A brief NaNoWriMo note

So, yes, I’m doing NaNoWriMo this year.

aynjel wrote an eloquent anti-NaNoWriMo rant last year and I’ve come across a couple others, and it’s certainly reasonable to ask why somebody who’s actually gotten a few credits out there and has, at some points, entertained thoughts of being a professional writer would bother trying something that is, on the surface, so blindingly silly. You’re guaranteed to write crap! It’s a terrible way to produce things! These people (participants and especially organizers) don’t take writing seriously!

Here’s a few counterpoints to chew on, both general and personal.

Anyone who seriously wants to be a professional writer will make time to write every day. If they’re starting out when they have a full-time job, they’ll make that time around that job.
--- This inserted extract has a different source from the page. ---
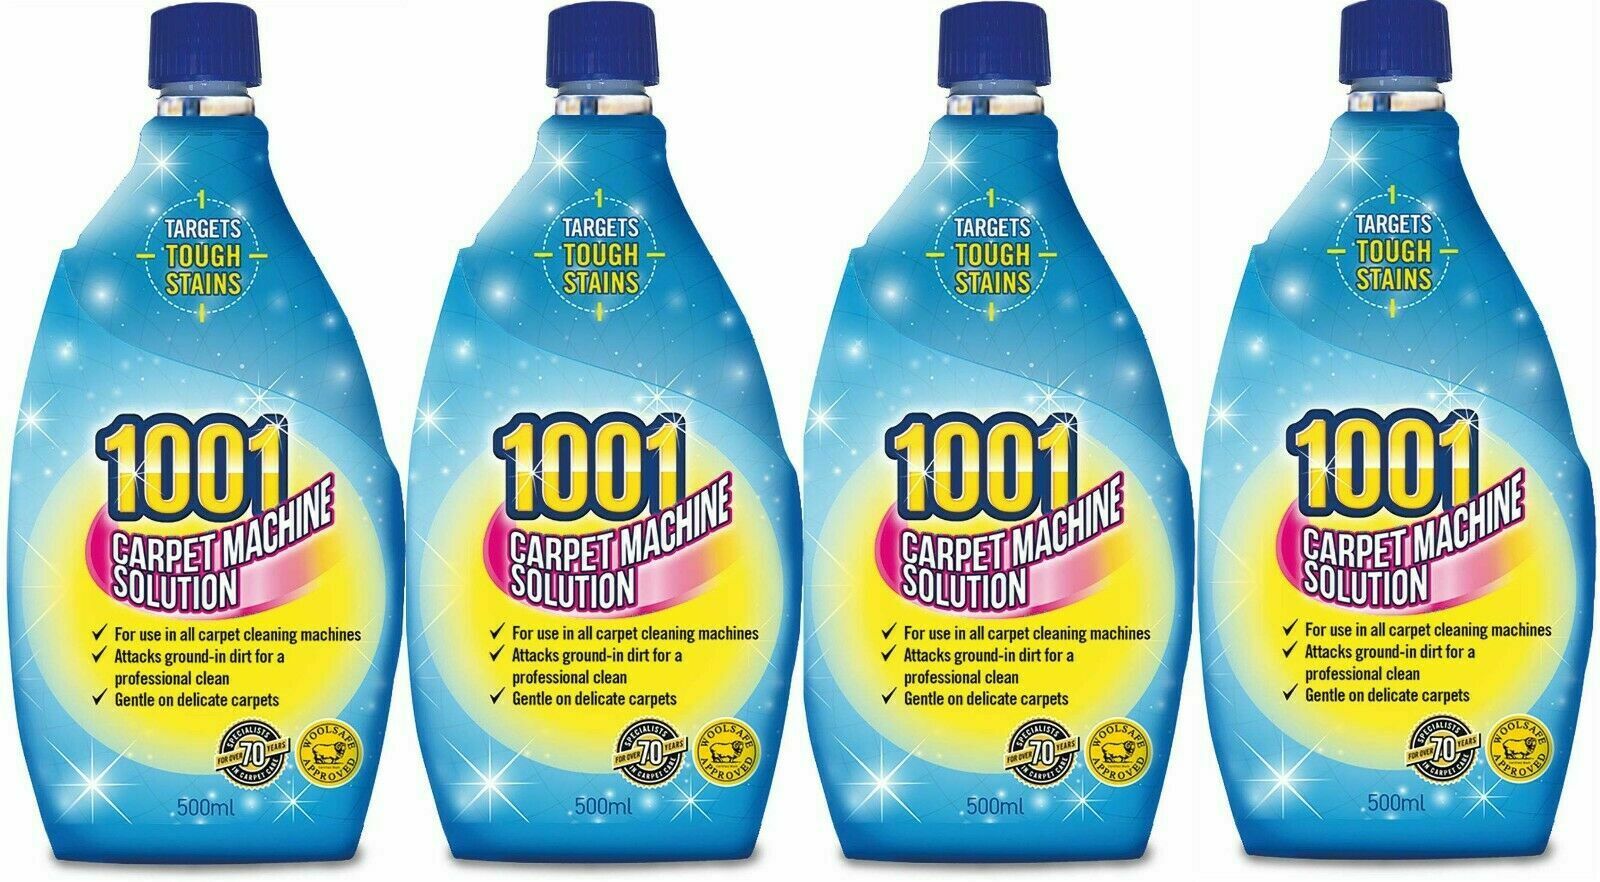 4-1001-Carpet-Shampoo-For-3-in-1-Machines-500ml-each

They’ll carve out, more than likely, two or three hours each day. And the chances are excellent they’re going to write one or two thousand words a day because in the grand scheme of things that is not a lot of writing. The awful truth is that the NaNoWriMo quota isn’t nuts. Most of us think that it is. Most of us will never be professional writers.
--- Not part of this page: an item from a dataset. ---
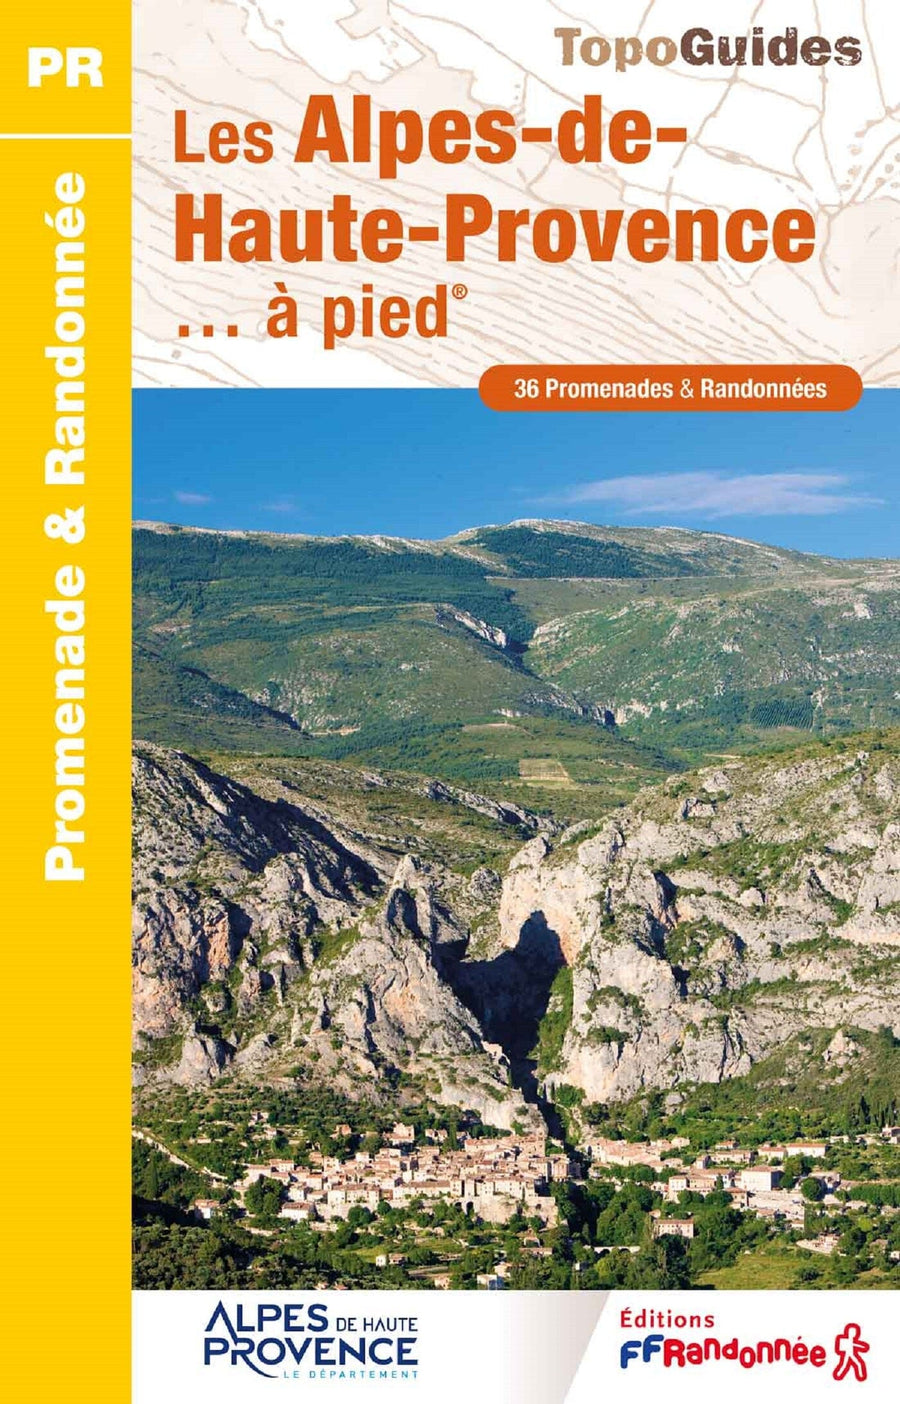 Topoguide de randonnée - Alpes-de-Haute-Provence | FFR guide de randonnée FFR - Fédération Française de Randonnée

“But wait—if professional writers are putting out that many words, why aren’t they all as prolific as Isaac Asimov was?” Because they rewrite. Multiple times. The chances are high that a NaNoWriMo-produced draft will be crap. But there’s nothing about that writing method that guarantees it’s going to be any crappier than any other rough draft. The question isn’t whether you’re going to end up with crap at the end of November; the question is whether you’ll end up with salvageable crap.

What NaNoWriMo does force a lot of people to do, including myself, is to stop rewriting during the rough draft. And for some of us this can be a real issue. I think my stuff tends to be pretty polished, but I also tend to start going back to the beginning of the work almost from the second day, tweaking things. And I may be going out on a limb here, but this is probably why it’s rare for me to get a story longer than about 15,000 words written, and I’ve never broken 35,000 with a completed manuscript.

There’s a certain value in NaNoWriMo for people who have no intention of developing a professional attitude toward writing anyway. It demands a certain discipline which is useful anywhere. If you participate in the regional groups, you may actually turn it into a social event, too, which is kind of neat. (I’ll probably be attending a few “write-ins” myself.) And it may be an interesting challenge for a lot of people who haven’t really tried to write at all anyway, to give them a taste of what really goes into it.

But that discipline is the biggest single skill anyone needs if they really do want to become a professional writer: the skill to be able to sit down and say, “I will make my quota today, even if I don’t feel remotely inspired and the prose is so dull that just typing it is putting me to sleep.” Those who already do have this skill, like haikujaguar, don’t need to be in NaNoWriMo because they’ve already put themselves through the equivalent multiple times. For me, though, it’s a skill that I’ve never fully developed. More worryingly (to me), I’ve been getting worse over the last few years. I want to start getting better at it again.

Lastly, and most personally, it’s an excuse to be experimental. I’m not writing completely without notes (and I expect to develop more notes as time goes on), but by my standards, this is pretty seat-of-the-pants. It’s not genre fiction, but rather slice of life, much more consciously “write what you know” than I’m used to doing. It’s simultaneously uncomfortable and exhilarating. My word count is lagging behind that of several friends I know who are participating, but that’s okay. (I hope.) Currently, that’s 5200 words.

I may talk more about the project later, I may not; it depends on how things develop. If you’re interested, my NaNoWriMo username is (appropriately) wattsm.